Parliament during that era did not have an impeachment mechanism (although impeachments had occurred in parliaments before that period. All they had were attainder — loss of property — and bills of treason. Thus the parliament of 1640-1649 used, to King Charles’s discomfiture. Our Framers wanted, for good and just reasons, to not make conflict between Congress and President a matter of life and death. After all, both Congress and the President were to be elected, and neither Congress nor President represented a religion in a religious war. Thus the Constitution saw impeachment as the voice of the entire electorate — as Alexander Hamilton put it, “a national inquest.” It might well have worked .

Because there is no war of religion afoot, wedded to either Congress or President, Congress has no need for institutional solidarity, and no sense that it as an institution is a necessary, primary opposition to the President. Indeed, our Congress is elected by all the voters of a District, who may include a large number of Presidential adherents, or even a majority thereof, whereas — to reiterate — the English parliaments of 1590-1649 were elected almost entirely by the squire class of property holder who were the chief supporters of congregational religion and thus chief opponents of the Sovereign and his religious enforcers.

The framers were well aware of party faction and of its danger to the working of their republican system. I do not think, however, that the framers realized that their impeachment power was an historical anachronism lacking, here, the conflict conditions that gave it force in English practice. If we have learned anything from the two impeachments of President Trump, it is that the impeachment power in our Constitution does not conform to the imperatives of American politics.
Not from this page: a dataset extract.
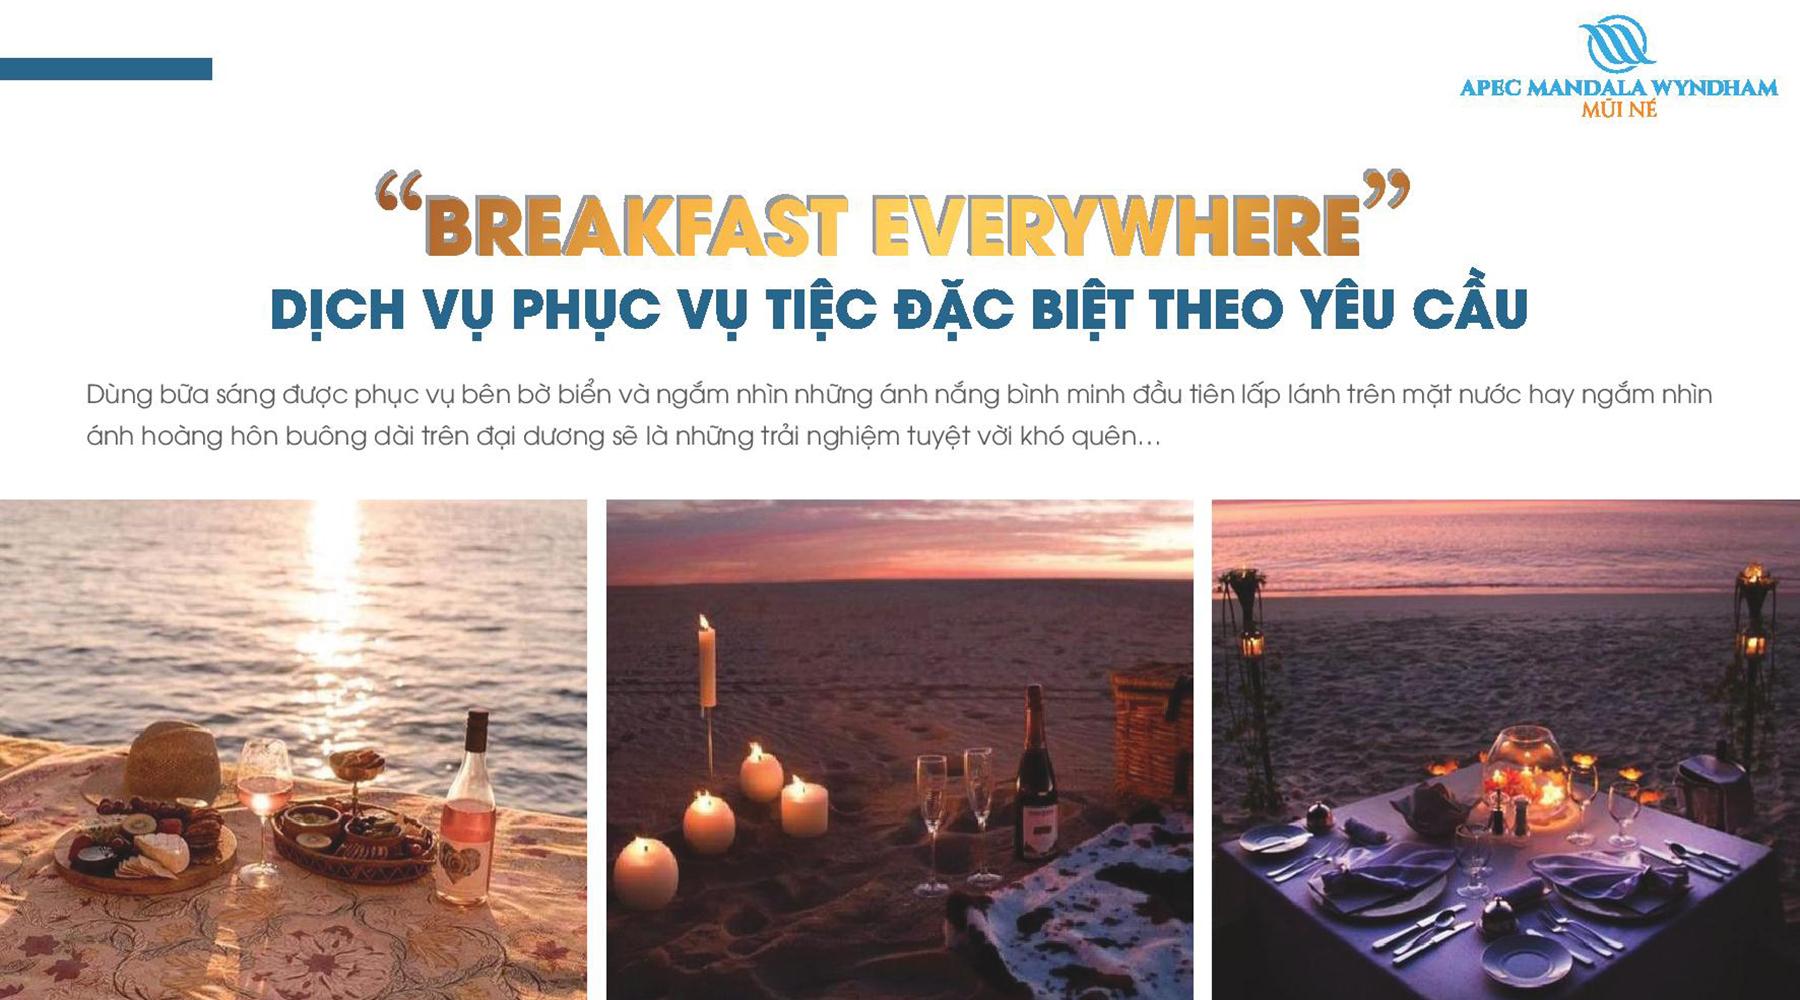 Tiện ích dự án Apec Mandala Wyndham Mũi Né Breakfast Everywhere

England in the 1590-1649 period was beset by the war between Catholics and various Protestant sects, and of wars among Protestant sects, going on all over Europe at that time. By 1787, men had decided that religious war and a politics arising from it were well discarded. Unhappily, when granting the impeachment power, they did not see that politics without religion would have to rest on some other power foundation, oaths of office and personal principle not being sufficient. Hamilton’s “national inquest” can’t be assembled when the inquesters are divided by parties, to one of which the President belongs. We would all like oaths of office to be the only support that Congress members need when being asked to impeach a President. Yet it is not the case. The President and members of Congress are elected on the same ballot on the same day, and they are thus bound together.

In today’s America, the only foundational power upon which politics of impeachment can rest is the law. Which means legal punishments which, in our nation, are imposed by legal systems — the Courts. Add to this the power of public opinion, an unwritten movement and thus beyond the restrictions in a written Constitution.

It will have to be the Courts that decide the political fate of President Trump, and public opinion, which will decide not only his political fate and is doing so already: a power more drastic than what is written and which is more drastic and less civil than the framers intended a “national inquest” to be. It will be public opinion that ousts Mr. Trump from the respect and honor due honorable public men. It will not be pretty, and the ouster is more than richly deserved. Mr. Trump called for, organized, marshalled, planned, and led an insurrection against our democracy built upon lies and more likes. The nation, if not the Congress, will have its say unchecked by writings. And this is where we are.